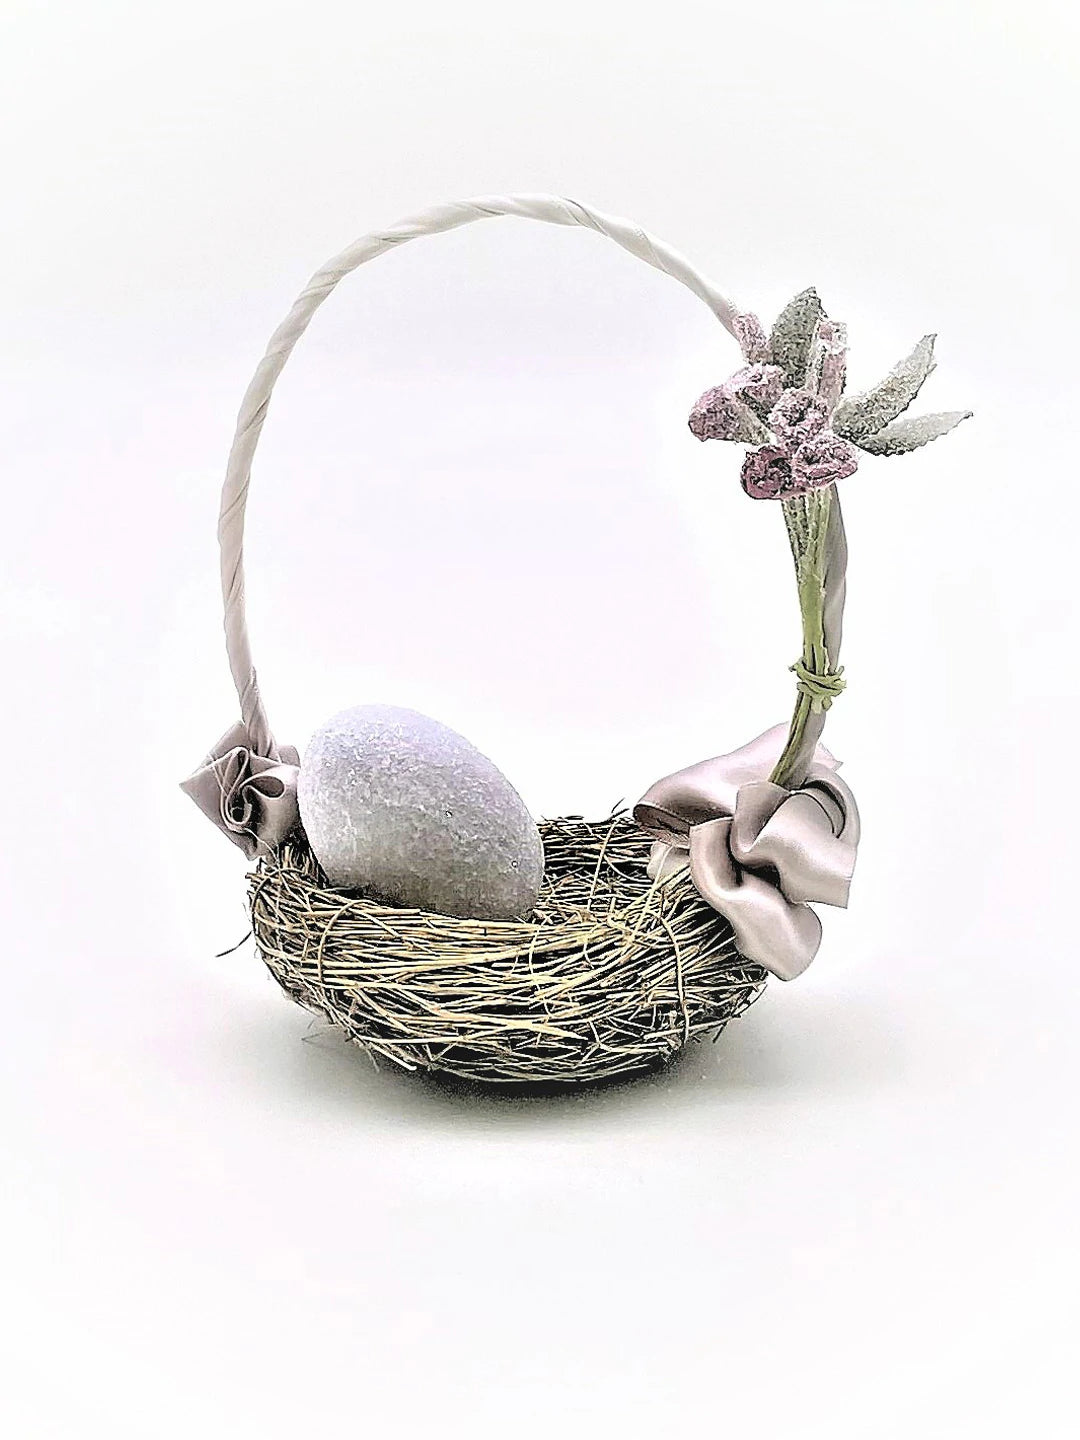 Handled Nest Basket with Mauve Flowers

---

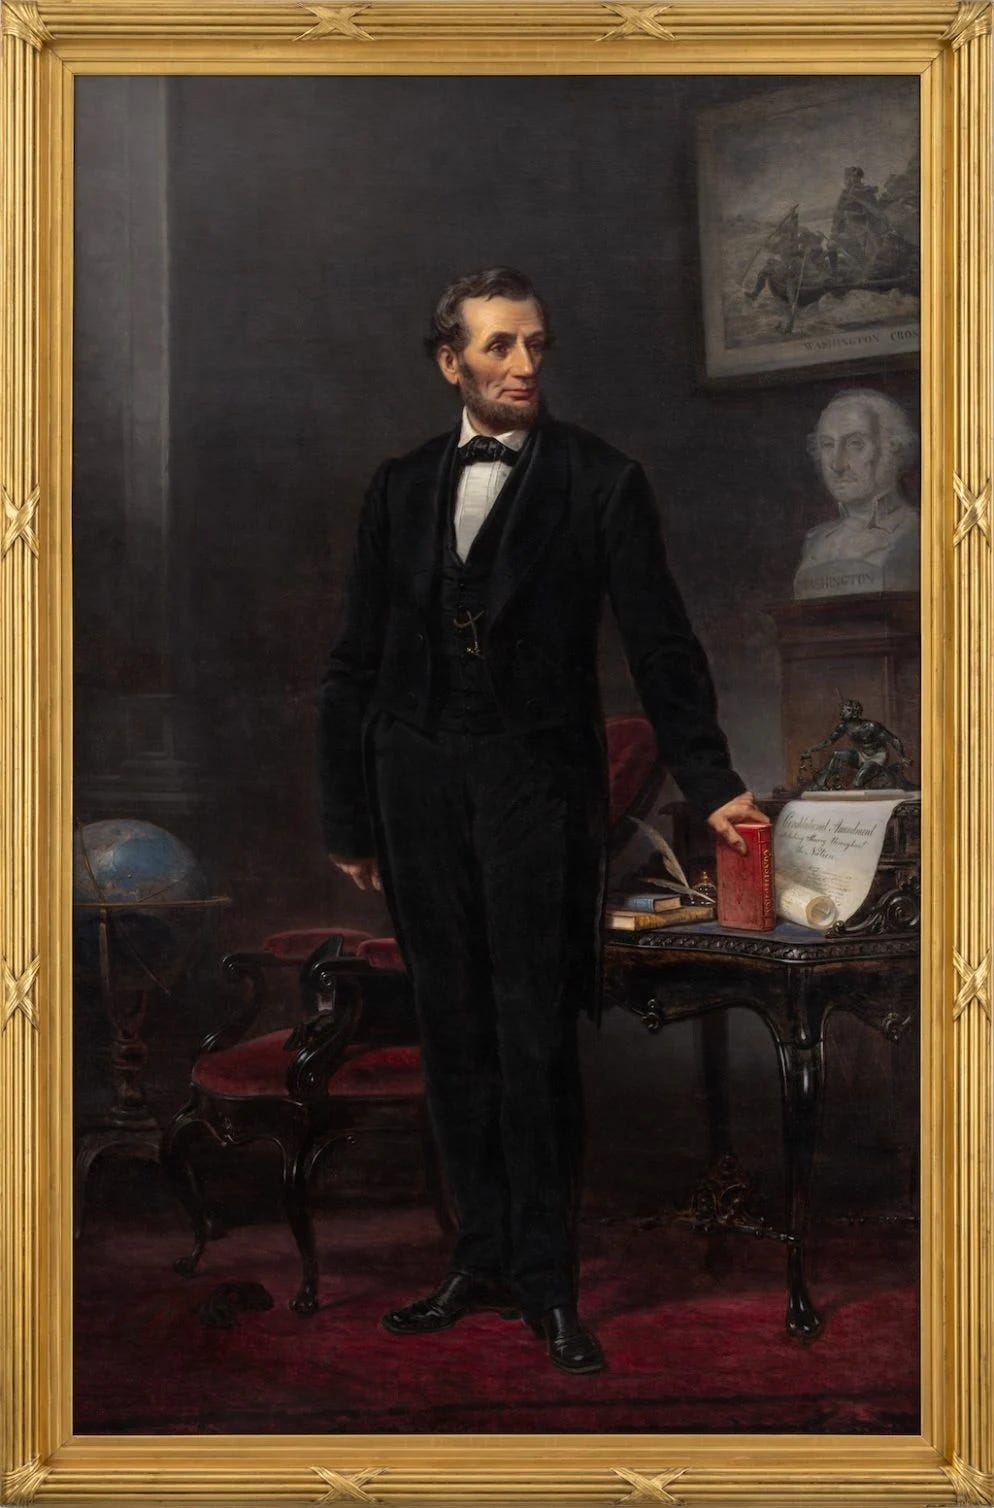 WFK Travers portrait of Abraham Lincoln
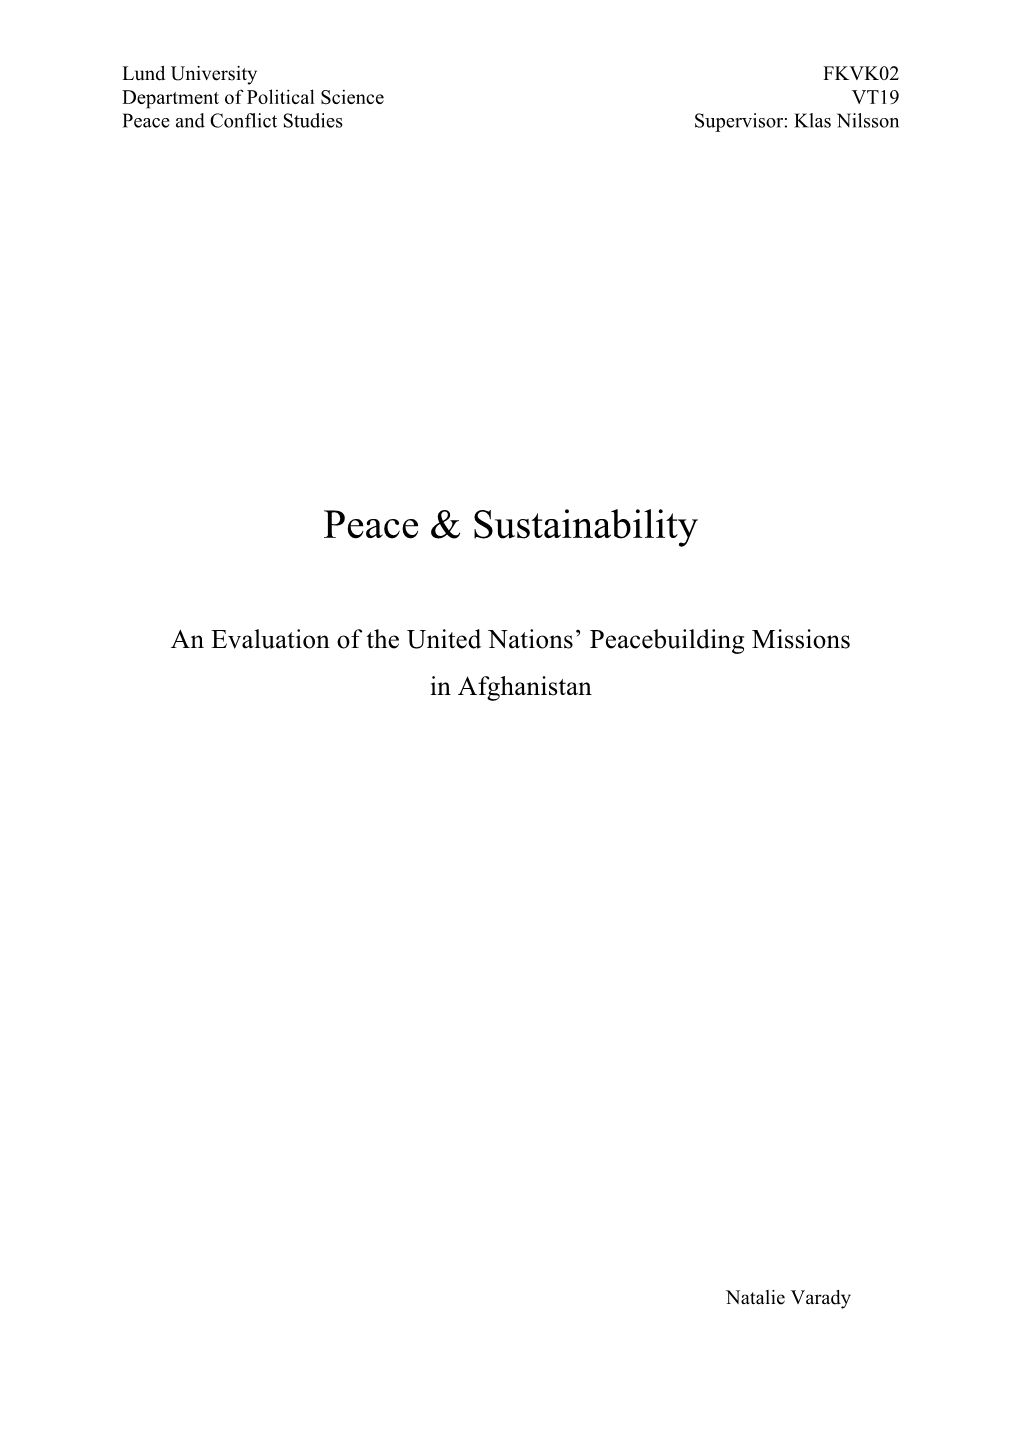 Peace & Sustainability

...

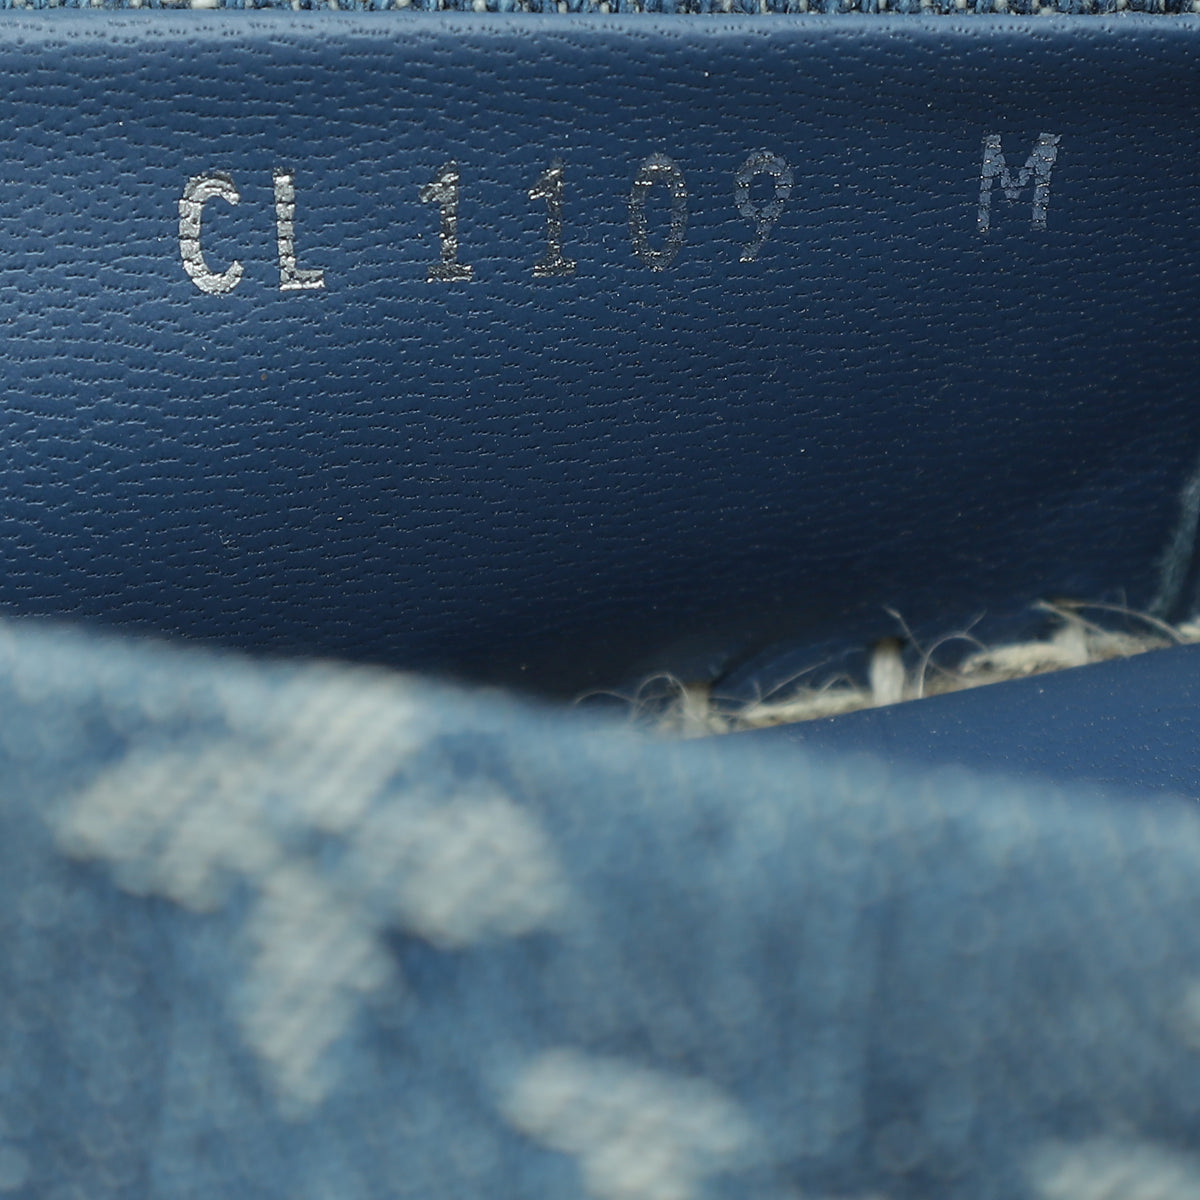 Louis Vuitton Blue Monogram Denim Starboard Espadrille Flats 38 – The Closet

REQUIRED ACTION
Give the lines above again exactly, from the one containing "WFK Travers portrait of Abraham Lincoln" to the one containing "Peace & Sustainability", both included, but leave out the pictures.

YOUR SOLUTION
 WFK Travers portrait of Abraham Lincoln
 Peace & Sustainability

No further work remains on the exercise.